Starting point is 00:12:13 I know. This guy later had a son and that son was mystery the pickup artist. I kept wondering if you were as smart as me, but almost. So I'm impressed. I love it when men talk about intelligent women as if they're like a dog walking on their hind legs. So, he invites her to New York City, and he's gonna show her around New York City. This is an incredible crossover moment for the show, Aubrey, on their second date,
Starting point is 00:12:46 they go see Angela Lansbury in May. Shut the fuck up for you kidding me. It's so weird, yeah. I love this so much. That's the role that she talked about. She was like, cause living that New York City life and I put on some pounds.
Starting point is 00:13:01 And one day I saw the glint of teeth in my audience. I thought those people are having a nice date right now. So they do that on the Saturday, and then on the Sunday, he invites her up to his like estate. He lives in this apparently like, Frank Lloyd Wright knockoff house with like a bunch of buildings. Frank Lloyd drawing, yeah.
Starting point is 00:13:21 One of the weirdest fucking details about this story is that he has two live-in servants who are named Suzanne and Henry and they like handle the house and his scheduling and all this kind of stuff.

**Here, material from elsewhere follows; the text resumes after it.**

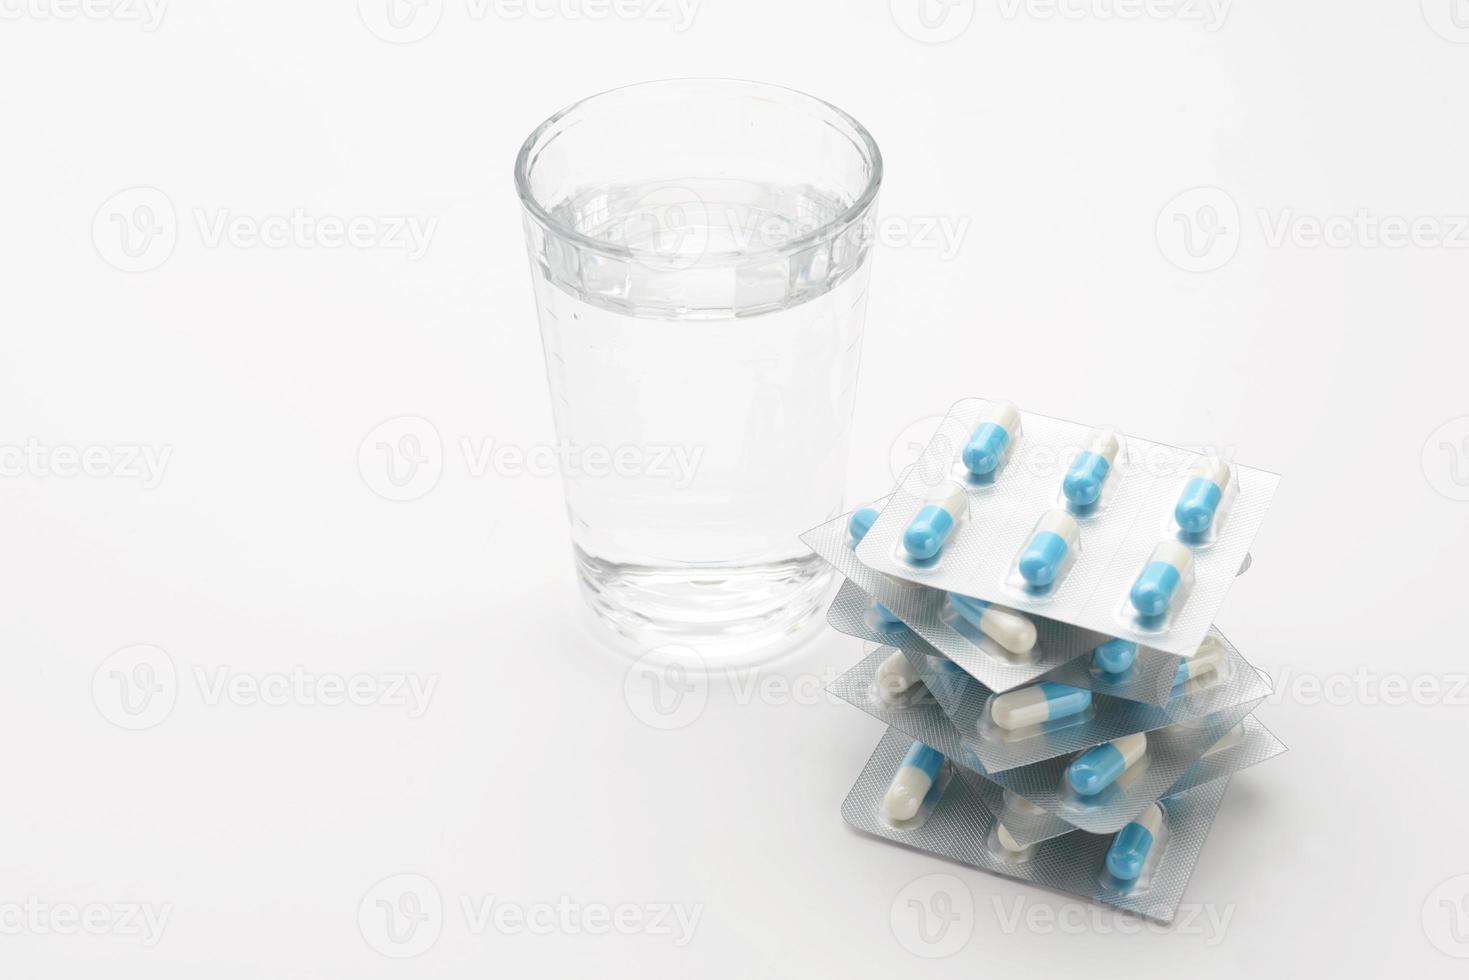 capsule confezionate e bicchiere d'acqua foto

And they're both French-speaking Belgians and according to both books that I've read for this, this was like a trend among rich people
Starting point is 00:13:42 was like not to have French- speaking servants, not to have Belgian servants, but to have French speaking Belgian servants was like a status symbol in New York in the 1960s. Did they make chocolates for you? They were all just really into poireaux. So they're dating sometime in 1967. Within a couple months, he asks her to marry him. He gives her a ring, which I looked this up, adjusted for inflation, it's worth $90,000. And he offers her the ring, gets down to one knee, the whole thing, and apparently she hesitates.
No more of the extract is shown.